**YOUR OBJECTIVE**
Every record below should be retyped exactly, and no picture should appear in the copy.

RECORDS FOR THIS EXERCISE Start Marker

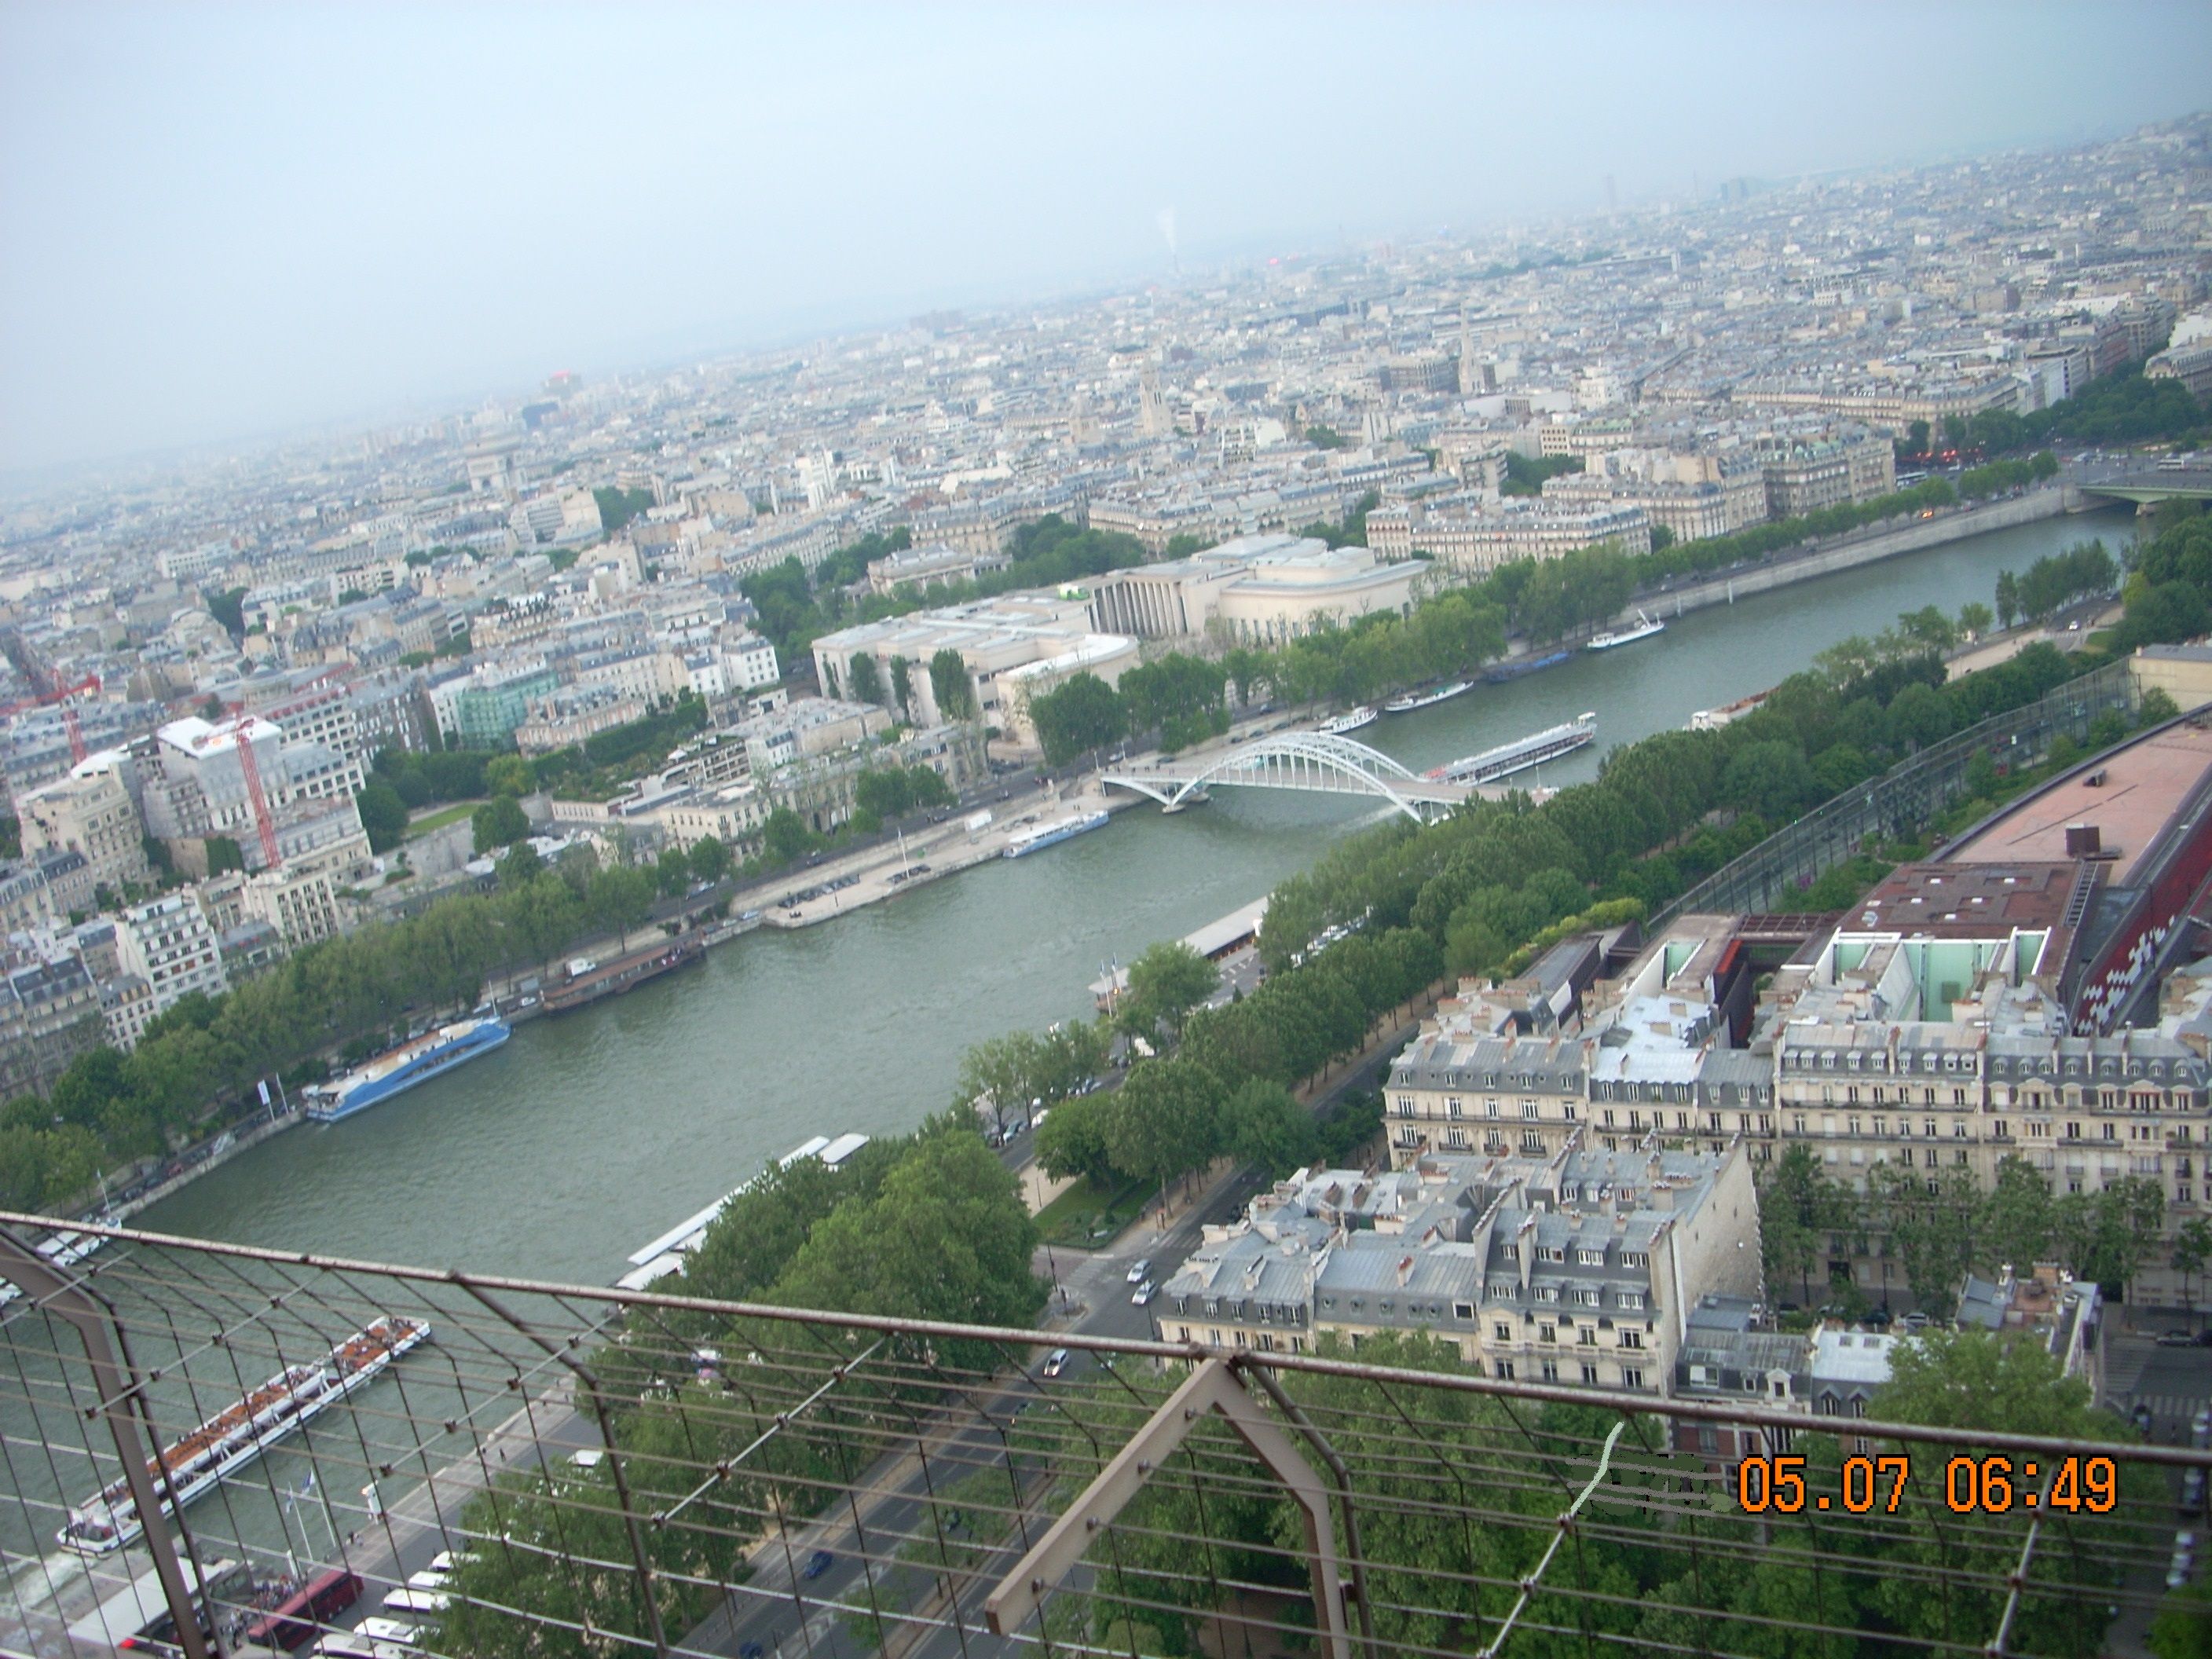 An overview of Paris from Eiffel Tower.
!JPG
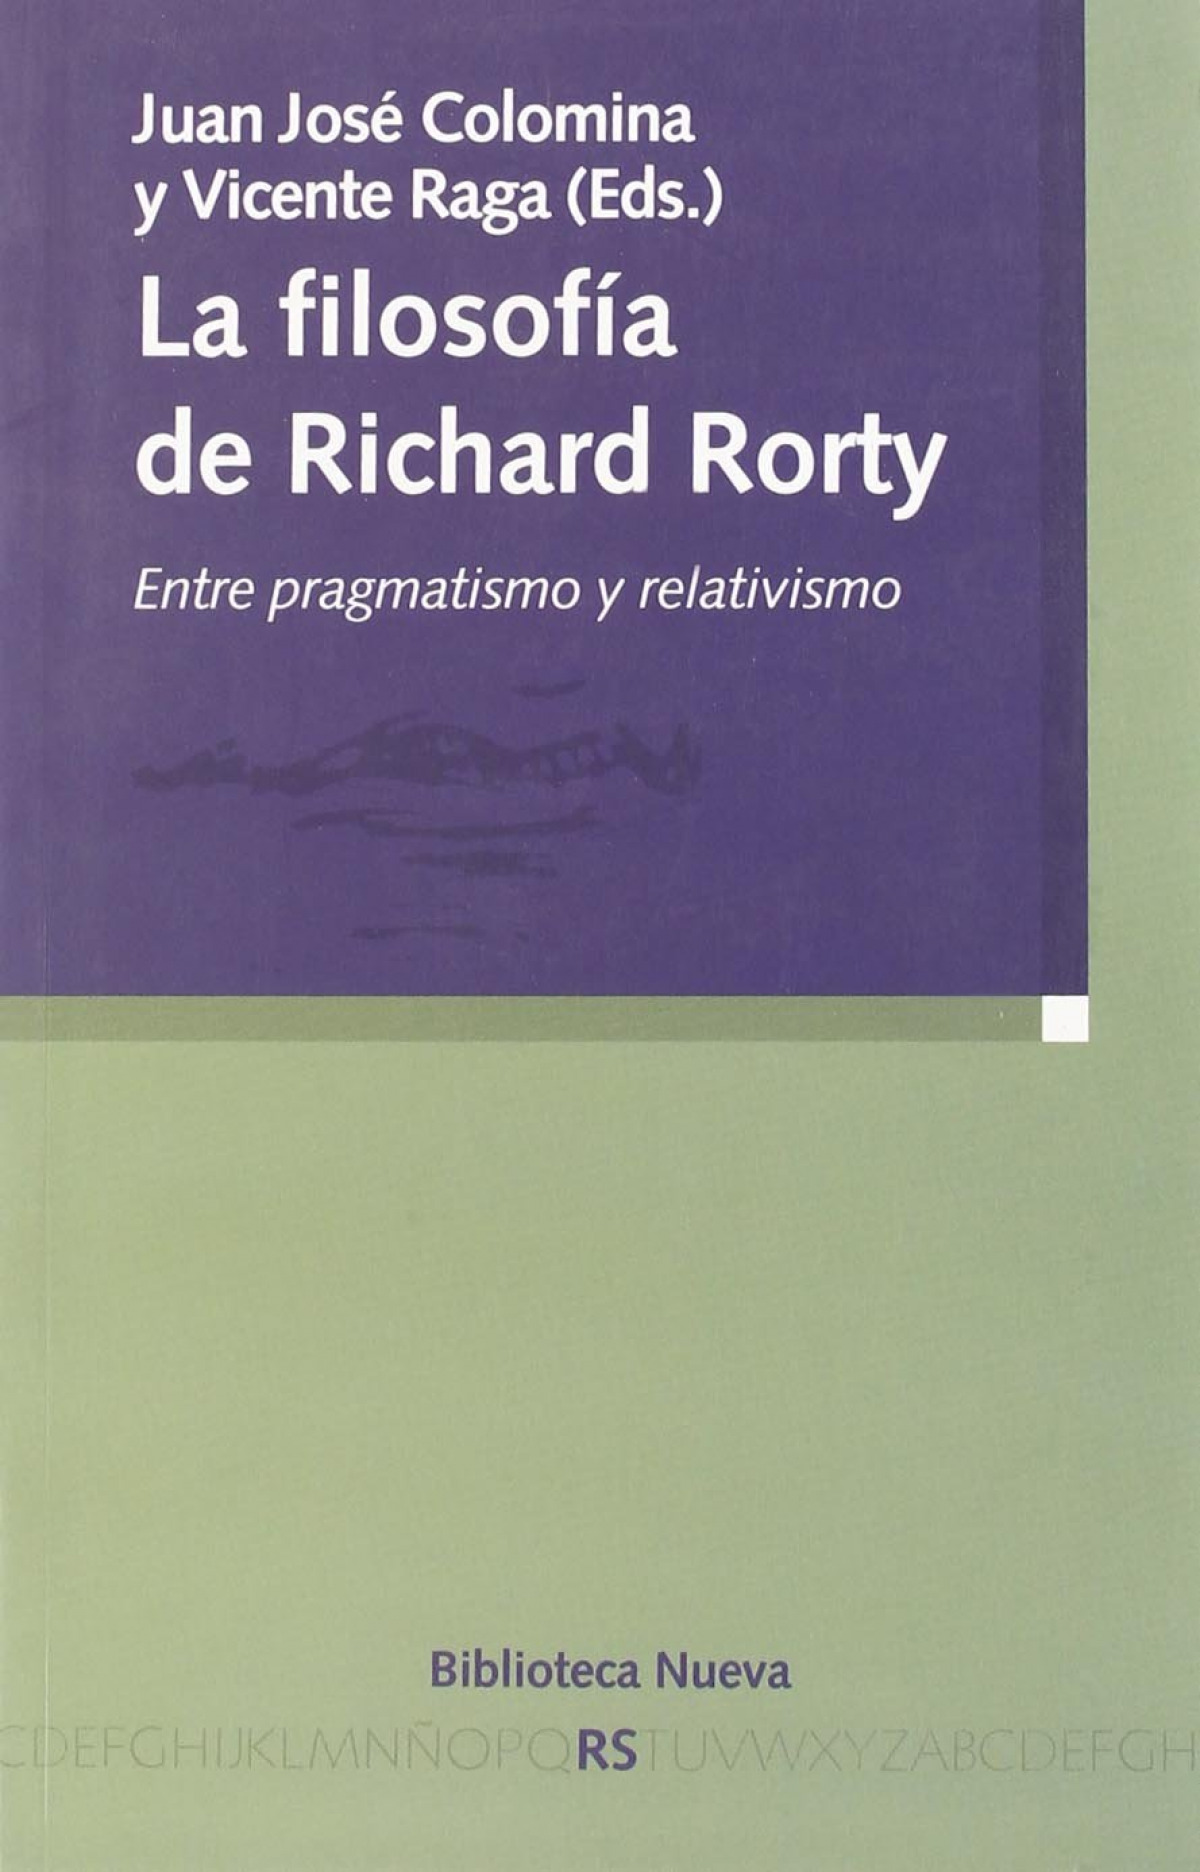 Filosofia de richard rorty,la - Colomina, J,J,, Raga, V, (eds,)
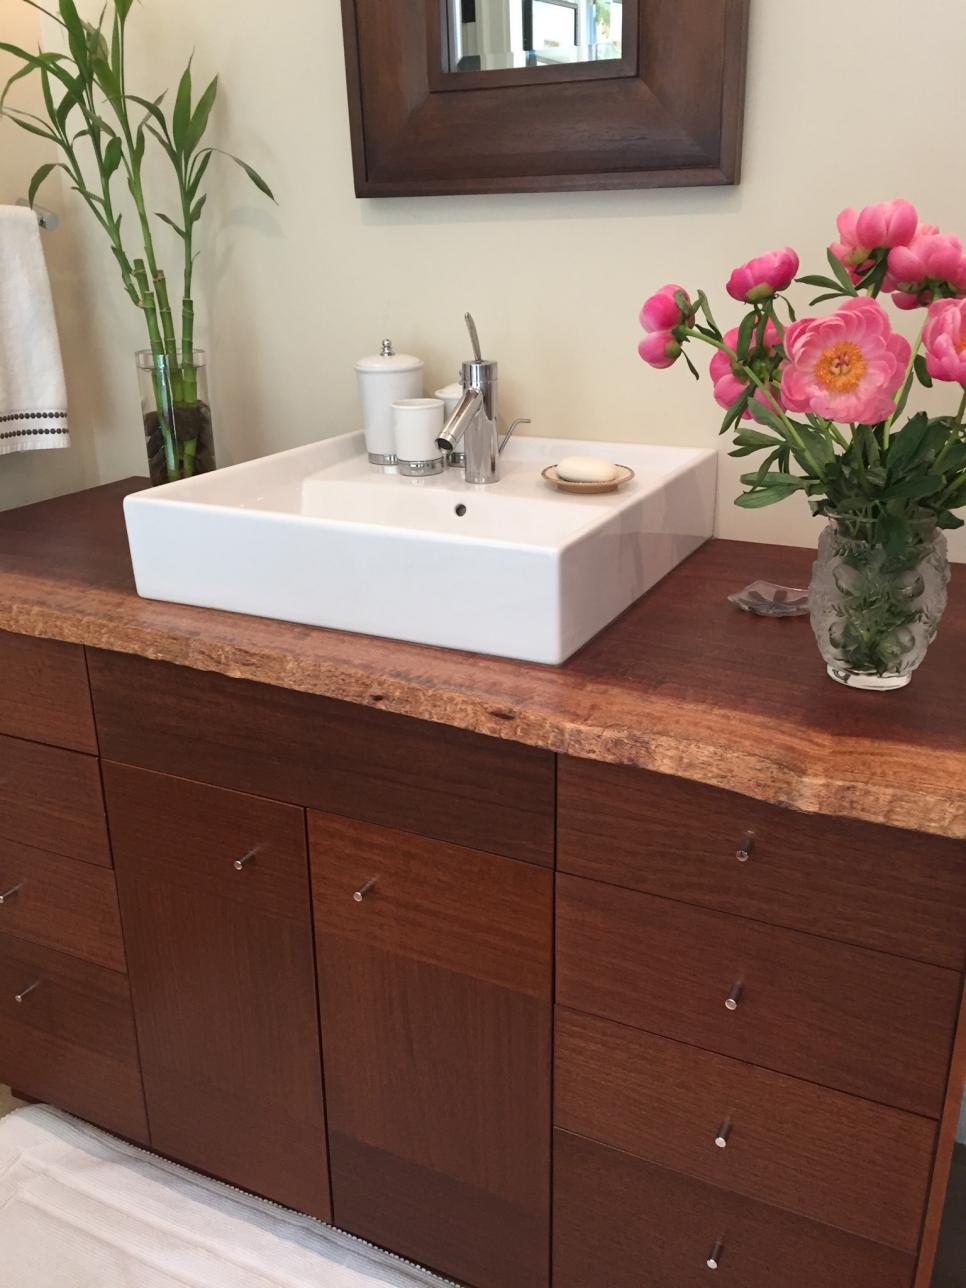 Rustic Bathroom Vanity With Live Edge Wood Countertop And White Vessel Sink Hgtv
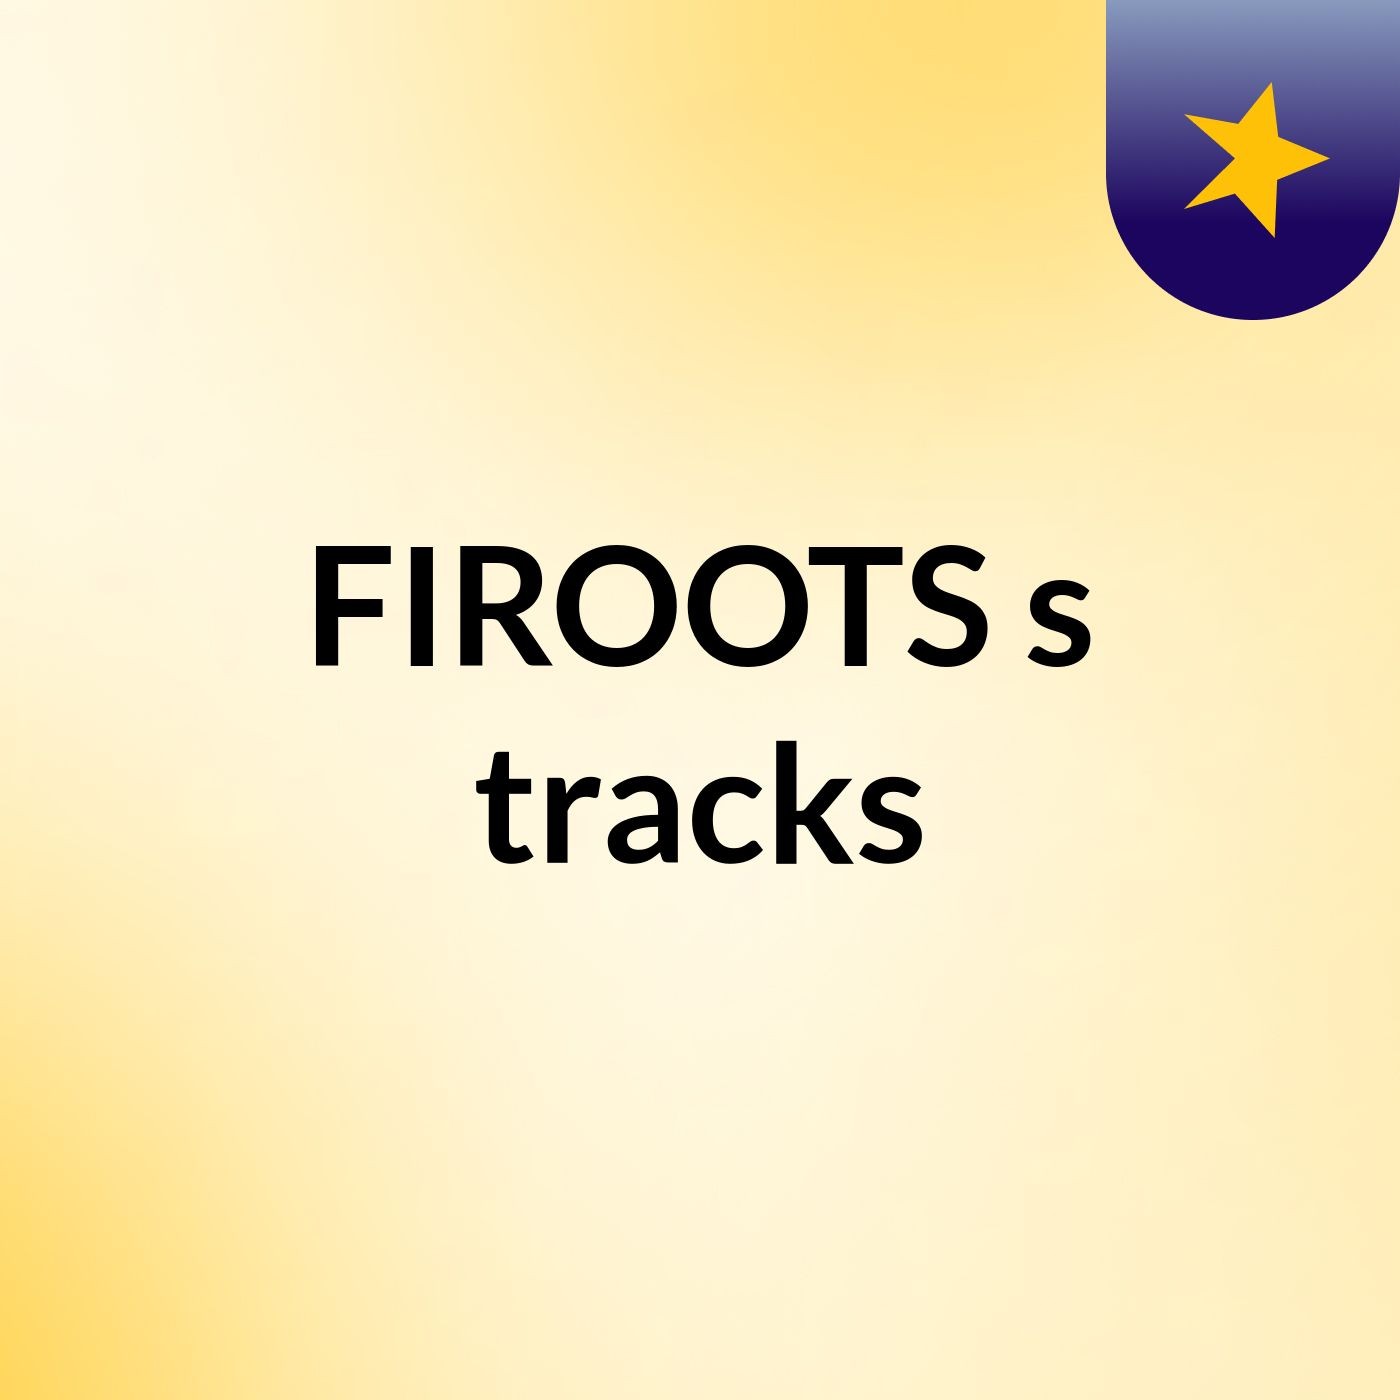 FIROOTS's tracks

RECORDS FOR THIS EXERCISE End Marker

**REPLY**
 An overview of Paris from Eiffel Tower.
!JPG
 Filosofia de richard rorty,la - Colomina, J,J,, Raga, V, (eds,)
 Rustic Bathroom Vanity With Live Edge Wood Countertop And White Vessel Sink Hgtv
 FIROOTS's tracks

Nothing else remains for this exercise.